Note: This medical device record is a PMA supplement. A supplement may have changed the device description/function or indication from that approved in the original PMA. Be sure to look at the original PMA record for more information.
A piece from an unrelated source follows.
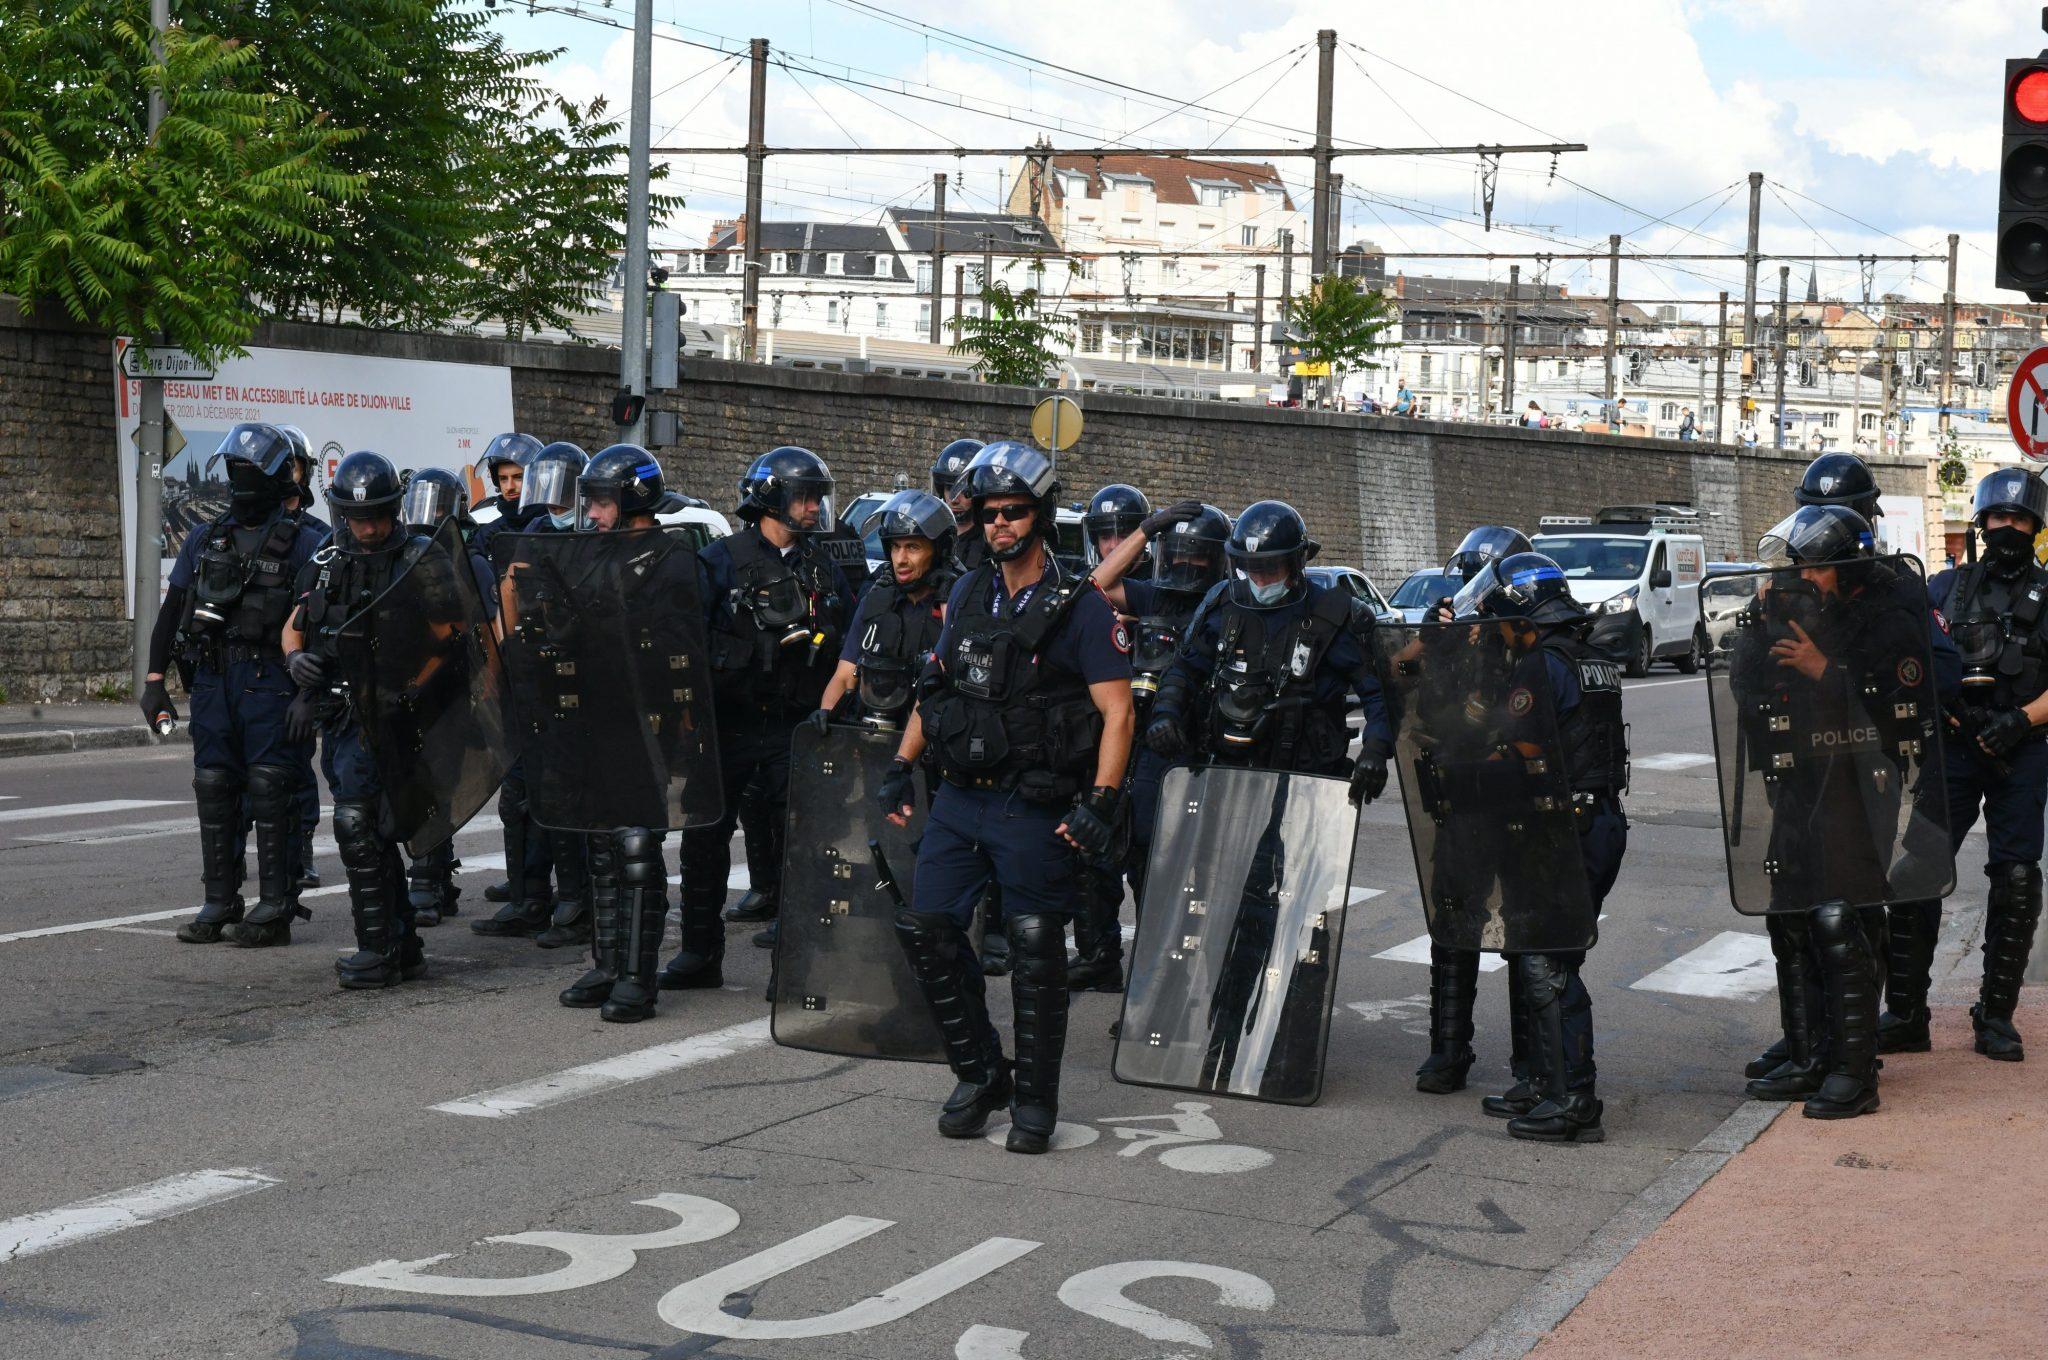 Erst durch starke Polizeikräfte konnte die Lage in Dijon oberflächlich beruhigt werden Foto: picture alliance/Philippe Bruchot/MAXPPP/dpa

• Device: EDP 30 EXTERNAL DUAL CHAMBER PACEMAKER
• Generic Name: permanent pacemaker Electrode
• Applicant: BIOTRONIK, INC.; 6024 Jean Road; Lake Oswego, OR 97035
• PMA Number: P950037
• Supplement Number: S021
• Date Received: 07/27/2001
• Decision Date: 09/10/2001
• Product Codes: DTB DXY
• Advisory Committee: Cardiovascular
• Supplement Type: Normal 180 Day Track
• Supplement Reason: Change Design/Components/Specifications/Material
• Expedited Review Granted?: No
• Combination Product: No

Approval Order Statement  
APPROVAL FOR THE EXTERNAL DUAL-CHAMBER PACEMAKER MODELS EDP 30. THE DEVICE, AS MODIFIED, WILL BE MARKETED UNDER THE TRADE NAME EDP 30 AND IS INDICATED FOR: 1) TEMPORARY TREATMENT OF ARRHYTHMIAS AND HEART BLOCK; 2) PRE-, INTRA-, AND POSTOPERATIVE TEMPORARY STIMULATION OF PATIENTS UNDERGOING CARDIAC SURGERY; 3) PROPHYLACTIC PACING FOR PREVENTION OF ARRHYTHMIAS, AND 4) EMERGENCY PACING.